The titles in this series on major economists, narrated by Louis Rukeyser, are actually quite good, I have come to realize. At first I wasn't taken with them. But I have become more and more impressed. Rukeyser's narrations are perfectly pitched and easy to follow. The series writers are nearly all excellent. They muster vivid micro-biographies, place the economist's thinking in historical perspective, and do a good job of clarifying the central ideas. Most of the economics books at Audible tend to be by narrow-minded, usually youthful dogmatists of neoclassical economics, which they take to be a universal science. Demand curves, prisoners dilemma, etc.,etc.

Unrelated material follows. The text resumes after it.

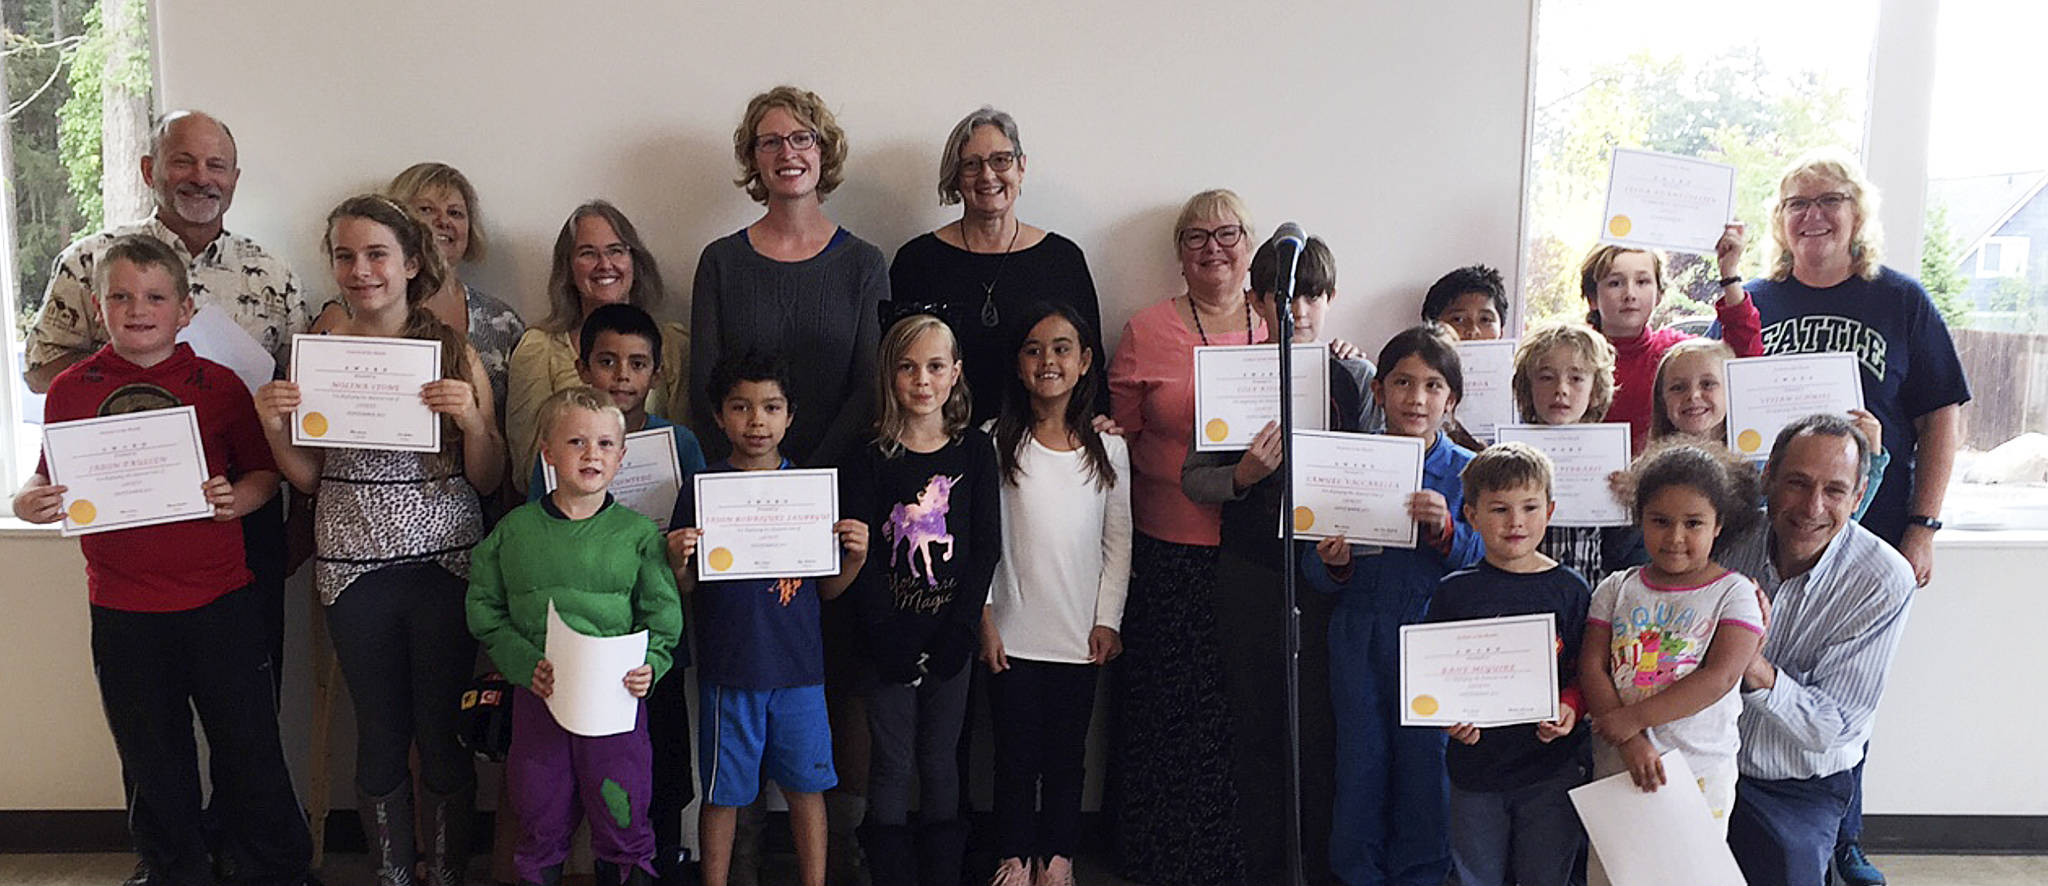 Contributed photo                                Students receiving awards for being safe in the month of September as part of a Positive Behavior Intervention and Support program at Orcas Elementary School.

The writers in this series are much more mature thinkers and offer an ideologically balanced, historical view of economics that serves as a valuable corrective to this callow academics.
There are some flaws that make me wish the series could be republished. I would like about 20 minutes more on principles, with some updating using a few current illustrations and examples. The series also suffers from a flaw affecting many audiobooks: Actors. The quotes are read by over-enthused thespians affecting Austrian or Scottish accents with such gusto it is hard to concentrate on the words. (The "acting" menace is a particular problem in poetry audiobooks where the readers are often so overcome with dramatic passion you can practically feel the spittle in your ear.) The writing and reading in this series was quite good enough. The nervous publishers didn't have to add "excitement" to economics by recruiting eager stage talent. Aside from that, really a good, intelligent series. One more "economic" quibble. I wish you could buy six titles, Adam Smith through the Monetarists, at a reduced rate. Together the titles would amount to the best economics history lesson available at Audible, but too expensive.
"Fine intro to lucid, humane, practical thinker"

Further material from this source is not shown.